Seeliger M, Rüther K, Apfelstedt-Sylla E, Schlote W, Wohlrab M, Zrenner E
Abteilung II, Universitäts-Augenklinik, Tübingen.
Ophthalmologe. 1997 Aug;94(8):557-62. doi: 10.1007/s003470050158.
Juvenile neuronal ceroid lipofuscinosis (JNCL) is important to the ophthalmologist, since eye symptoms are usually the first evidence of the disease and permit establishment of an early diagnosis. The disorder usually begins with a dramatic loss of vision between age 4 and 10 due to bulls-eye maculopathy followed by rapid degeneration of the retina and pigment epithelium. Blindness results within 1 to 3 years after onset of symptoms. The further course of the disease is mainly determined by degradation of the CNS with motor and intellectual deficits. Most patients die before the age of 30.
A case of two sisters is presented to demonstrate eye findings and diagnostic procedures, emphasizing electrophysiologic and morphologic tests (peripheral blood smear, histology).
Both sisters reported the first decrease in vision at the ages of 8 and 6 respectively; visual acuity at time of visit was light projection (20/400). Both had tapetoretinal degeneration with optic disc atrophy, narrowed vessels, pigment epitheliopathy and bullseye maculopathy. The ERG was almost extinguished in the older sister and greatly reduced in the younger one (scotopic more than photopic). Histologically, vacuolated lymphocytes were found in the peripheral blood smear, as were intracellular inclusions of the fingerprint and curvilinear type in the conjunctival biopsy.
During the course of JNCL, it is very common for the vision to be affected at the age of 6-7. The correct diagnosis, however, is often made years later when massive neurologic symptoms such as seizures appear. When there is sudden loss of vision in a child of this age combined with a tapetoretinal degeneration, a biopsy or at least a peripheral blood smear should be performed.

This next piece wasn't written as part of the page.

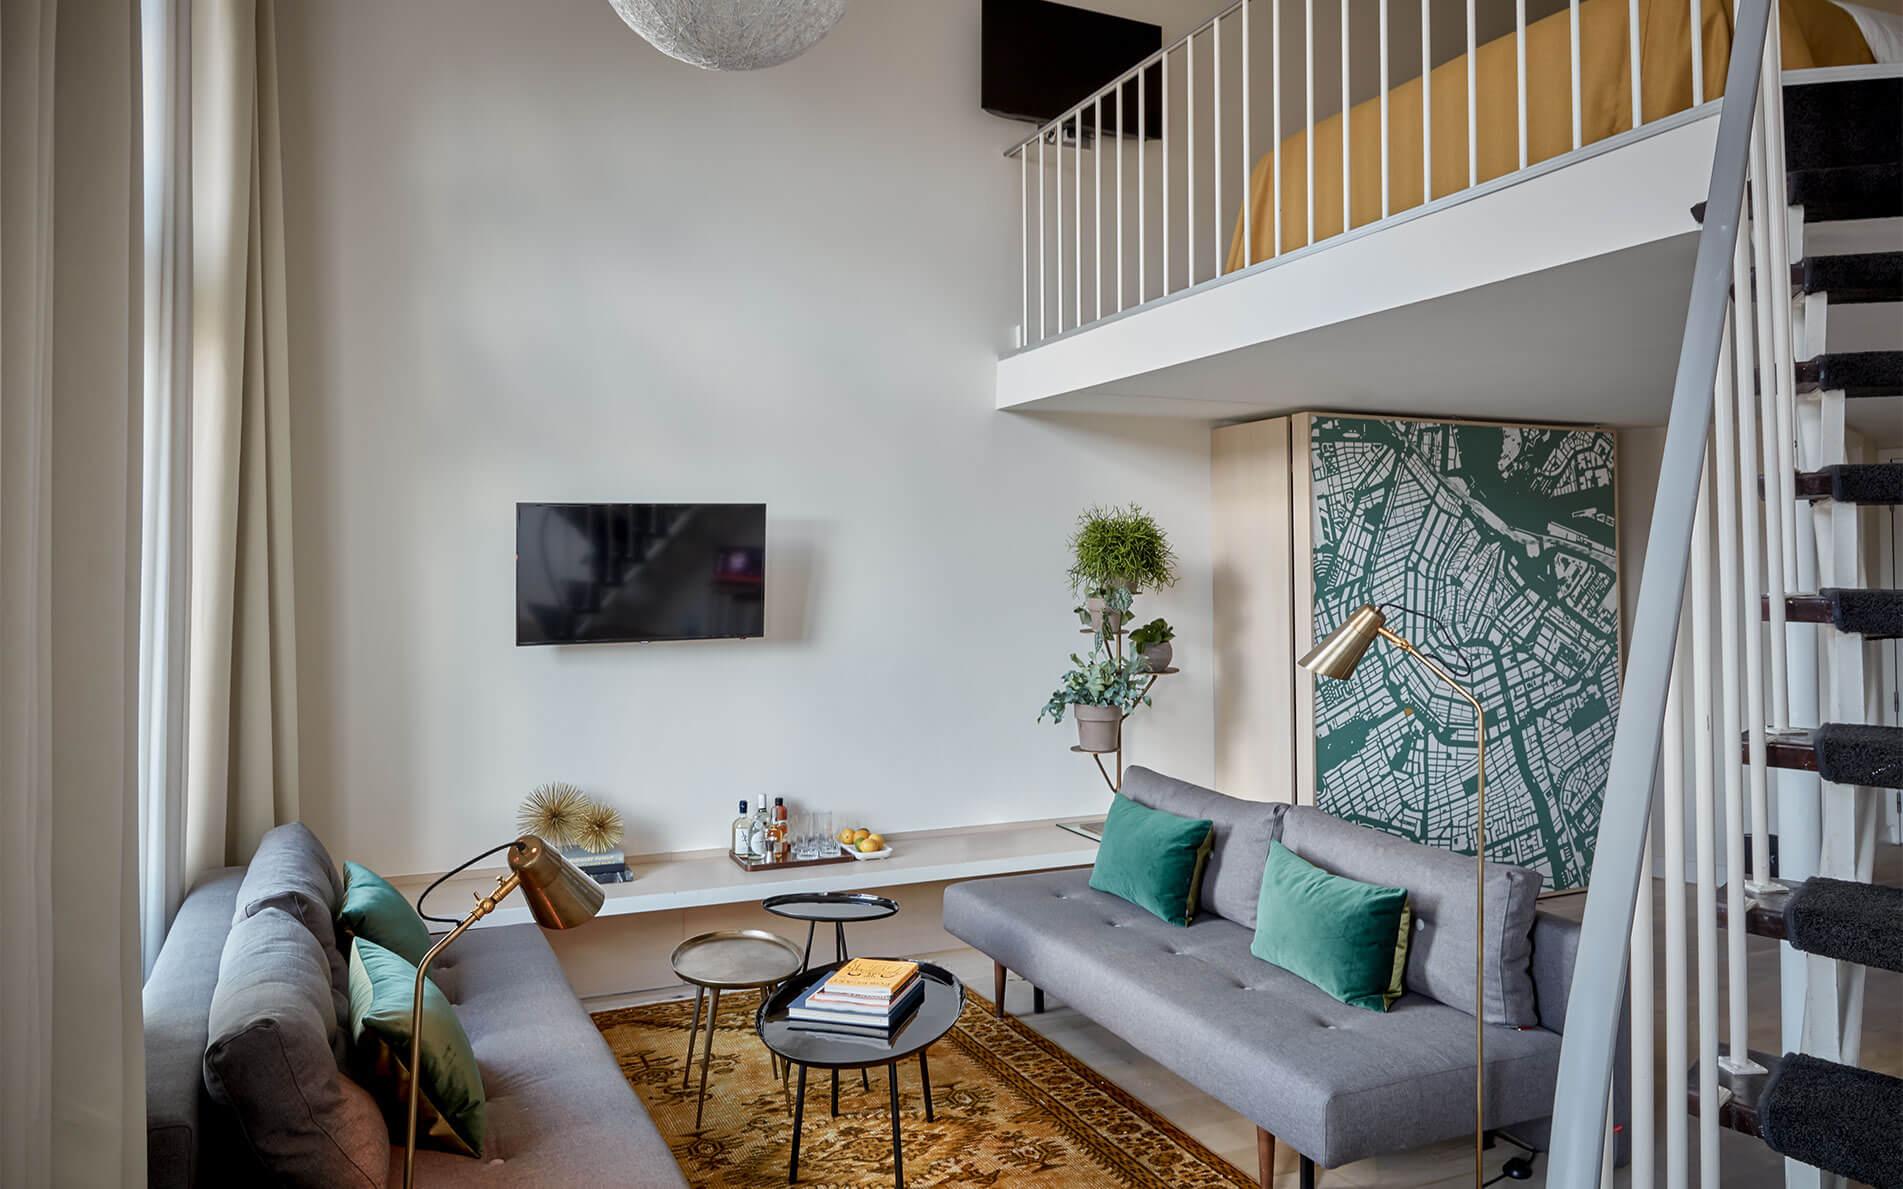 park-hotel-amsterdam-split-level-loft-suite-header

青少年神经元蜡样脂褐质沉积症(JNCL)对眼科医生而言很重要,因为眼部症状通常是该疾病的首个证据,有助于早期诊断的确立。该病症通常在4至10岁之间因靶心状黄斑病变导致视力急剧下降,随后视网膜和色素上皮迅速退化。症状出现后1至3年内会导致失明。疾病的后续进程主要由中枢神经系统退化导致的运动和智力缺陷决定。大多数患者在30岁前死亡。
报告了一对姐妹的病例,以展示眼部检查结果和诊断程序,重点强调电生理和形态学检查(外周血涂片、组织学)。
两姐妹分别在8岁和6岁时首次出现视力下降;就诊时视力为光感(20/400)。两人均有视网膜色素变性,伴有视盘萎缩、血管变窄、色素上皮病变和靶心状黄斑病变。年长的姐姐视网膜电图几乎消失,年幼的妹妹则大幅降低(暗视比明视更明显)。组织学检查发现,外周血涂片中存在空泡化淋巴细胞,结膜活检中存在指纹状和曲线状的细胞内包涵体。
在JNCL病程中,6至7岁时视力受影响很常见。然而,正确诊断往往在数年后出现癫痫发作等严重神经症状时才得以做出。当这个年龄段的儿童突然视力丧失并伴有视网膜色素变性时,应进行活检或至少进行外周血涂片检查。